Experiments in Sausage Making I: Lung Sausage after Rheinfränkisches Kochbuch

This weekend, I had the opportunity to join friends to experiment with medieval sausage recipes. The first was from the Rheinfränkisches Kochbuch and it is one I have been wanting to try for a long time. It turned out surprisingly well.

based on Rheinfränkisches Kochbuch #28

28 Item if you would make a good salted sausage, take the hind gut (rectum) of a calf and scrape it out in hot water and make it clean. Chop the lungs and bacon and season it well and enclose it in the gut. You also happily take the brain and egg yolks, parsley, and milk with this, then it is called a brain sausage. Afterward, boil it and then roast it on a griddle and serve it dry (i.e. without sauce) or make a yellow sauce to go over it (with) a little wine and season it.

There is a parallel recipe in Meister Hans:

Recipe #19 Würst machstu aus ainem affter darm von ainem kalb

Sausages you make from the rectum of a calf.

Item take the rectum of a calf and make it very clean. Chop lungs and bacon together, season it well and rub it in, and put that into the rectum. And boil the sausages and prepare and roast them. Thereafter, serve them dry (i.e. without sauce).

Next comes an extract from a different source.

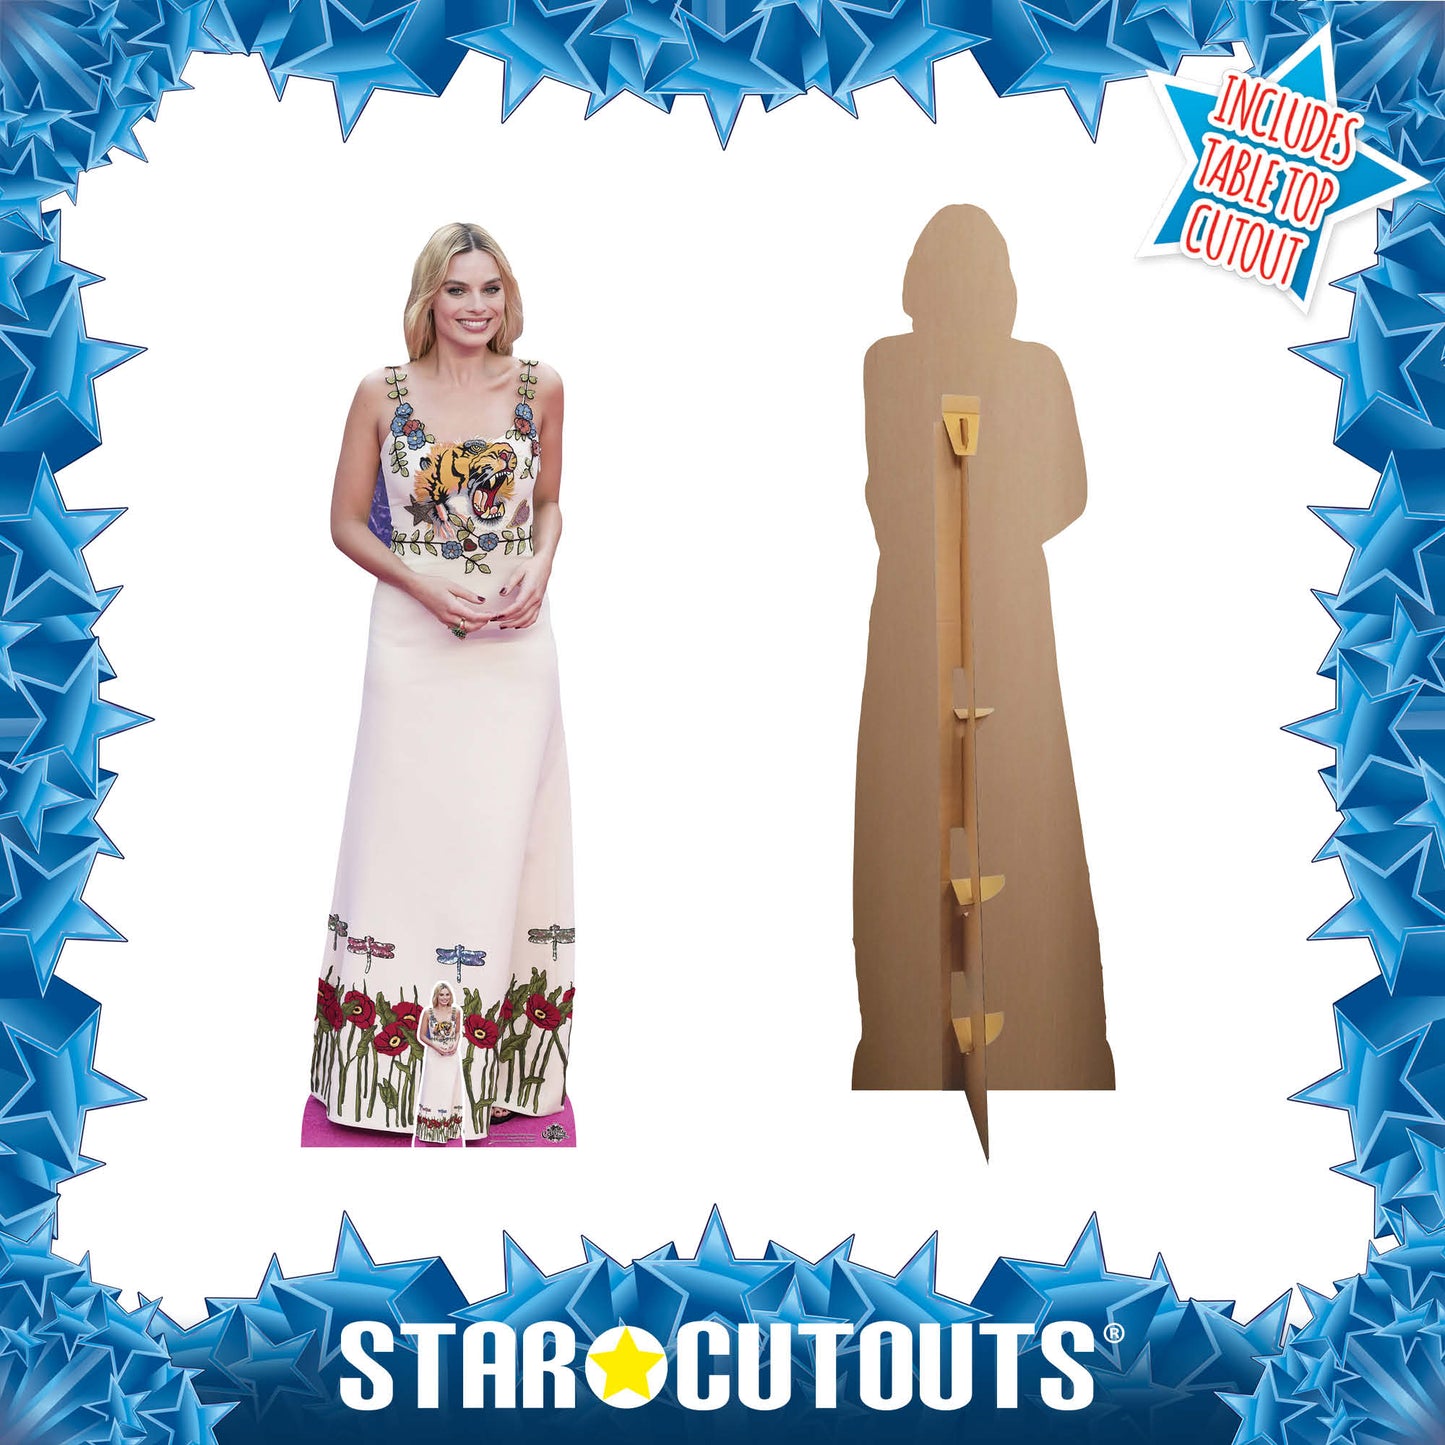 CS1083 Margot Robbie White Dress Height 169cm Lifesize Cardboard Cut Out With Mini
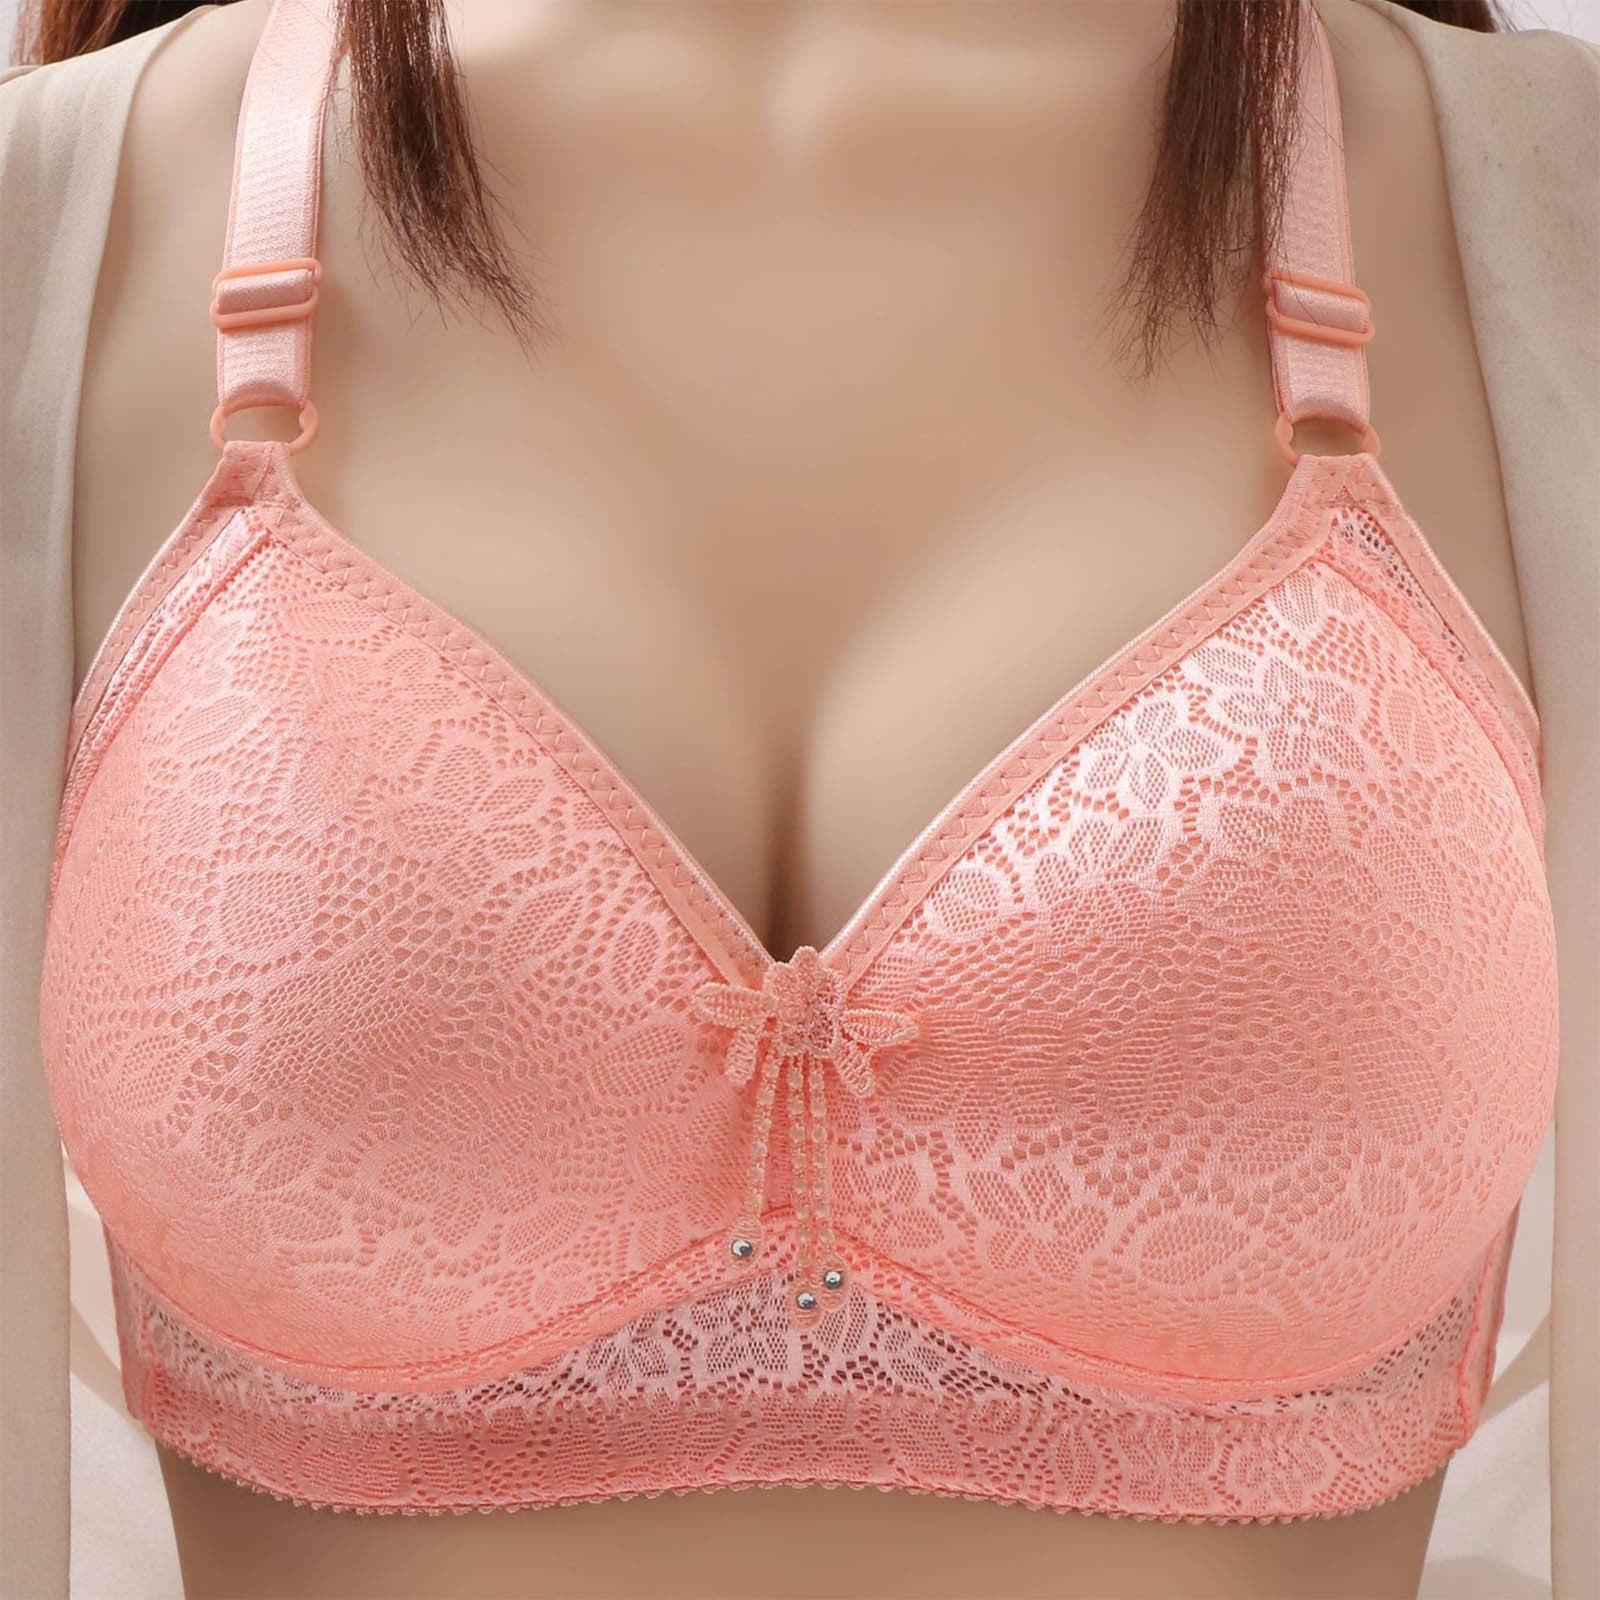 DTBPRQ Seamless Nursing Bra Woman's Comfortable Lace Breathable Bra  Underwear No Rims Plus Size Bras Savings Clearance Bras for Women

The idea of using lung this way was not exactly appealing, but the point to an experiment is finding out thing, so we went and did. I bought a calf lung from a Persian butcher and parboiled it in lightly salted water, then passed 500g of it through a meat grinder with 500g of streaky bacon (Bauchspeck). Since no specific seasoning instructions were given, I went for a mix of ‘warm’ spices: salt – just about two teaspoons since the bacon was already salted – pepper, cloves, nutmeg and ginger. Two eggs made the mix soft enough to stuff into beef guts.

The sausages were slowly simmered for about 25 minutes and we served them with a variety of sauces. The lung sausage was the one I had the least hope for, but it turned out surprisingly pleasant. The texture of the lung was already attenuated by parboiling, and after grinding and mixing it was no longer noticeable. The flavour was rich and meaty, with a pudding-like consistency created by the eggs. It went especially well with dewericz, a honey apple sauce. More on the experiments later – this one was a success.